En cas de stress cellulaire, plusieurs situations sont possibles. Soit la cellule est « habituée » à ce stress, elle sait y répondre et génère les mécanismes à mettre en place ; soit elle parvient à survivre en déployant de judicieux systèmes de défense ; soit elle n’arrive pas à s’adapter et se suicide. Des stimuli très forts ou prolongés dans le temps peuvent déclencher l’apoptose (mort organisée). 

 

Identifier les mécanismes « anti-stress » des cellules tumorales

Une tumeur est constituée, dans des proportions variables, de cellules transformées en cellules tumorales et de stroma, partie fibreuse et dense, mal vascularisée. Lorsque la part du stroma est relativement importante, la tumeur est globalement moins « alimentée ».  D’une part les cellules tumorales sont donc des cellules qui se sont particulièrement bien adaptées à leur environnement hostile et au stress induit : elles ont multiplié les systèmes de défense et sont devenues particulièrement résistantes. D’autre part, comme la tumeur est peu vascularisée, il s’avère plus difficile d’amener en son coeur des médicaments actifs.

« Face à ce constat, nous tentons d’identifier tous les mécanismes mis en place par les cellules tumorales pour résister au stress et les conséquences de ces mécanismes d’adaptation, afin de trouver comment les affaiblir. Nous savons aujourd’hui que chaque patient a une constitution de tumeur qui lui est propre, chaque tumeur étant composée, dans des pourcentages divers, de cellules qui ont surmonté ce stress par des voies différentes, certaines ayant utilisé une seule voie, d’autres plusieurs », explique le Dr. Juan Iovanna.

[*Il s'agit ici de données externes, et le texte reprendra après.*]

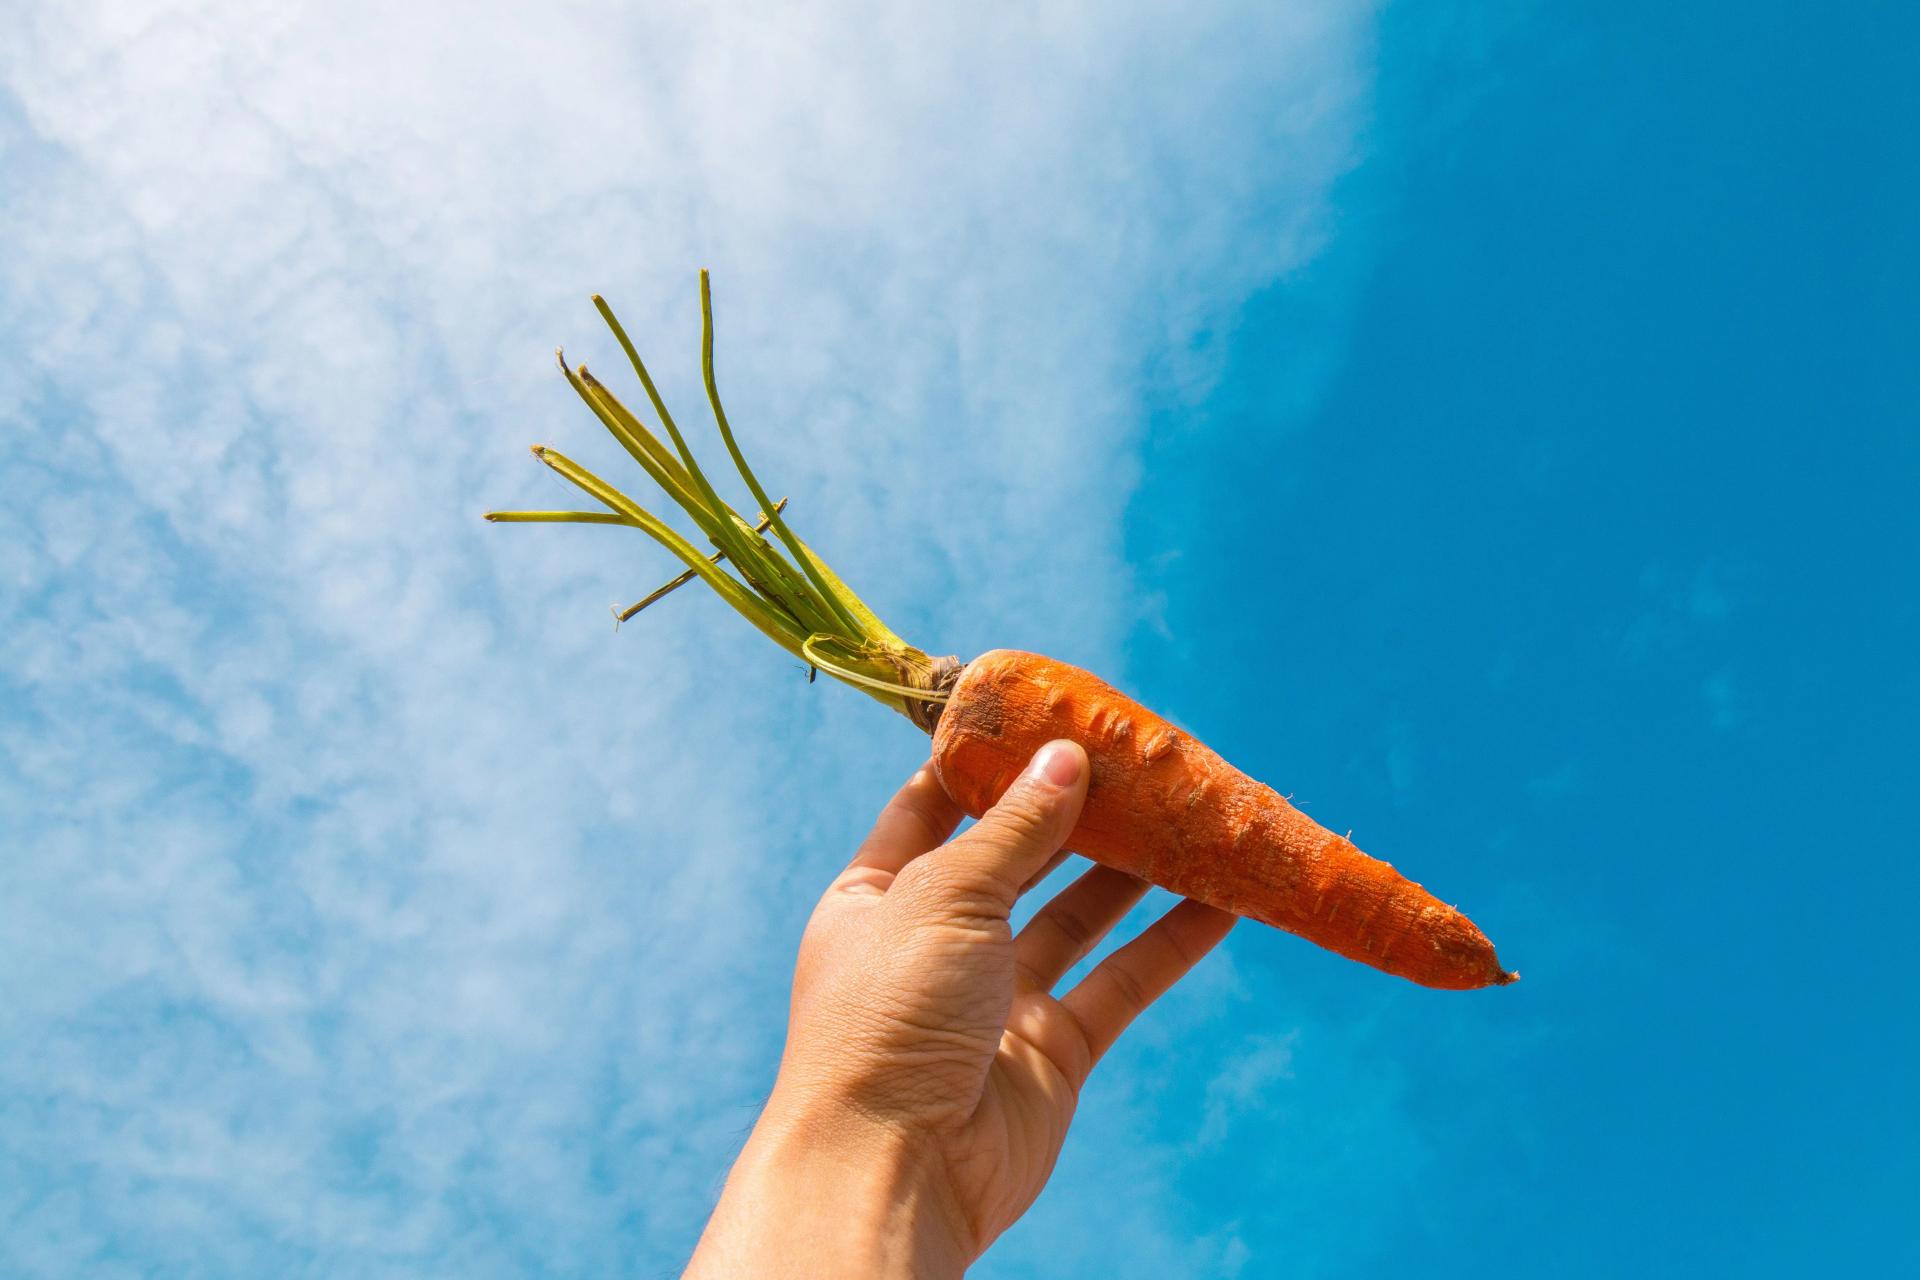 Holding a Carrot Against the Sky

D’où l’intérêt d’étudier le profil d’expression de chaque tumeur, afin de la caractériser et de la confronter à tous les médicaments qui existent pour affiner les différentes approches thérapeutiques. Il s’agit à la fois de recherche fondamentale, mais aussi, déjà, pour ce qui concerne les cancers du pancréas, de recherche translationnelle. L’équipe de Juan Iovanna travaille en effet sur une nouvelle cible thérapeutique à même d’abaisser la réponse au stress des cellules cancéreuses pancréatiques et ainsi les rendre plus sensibles à leur microenvironnement délétère.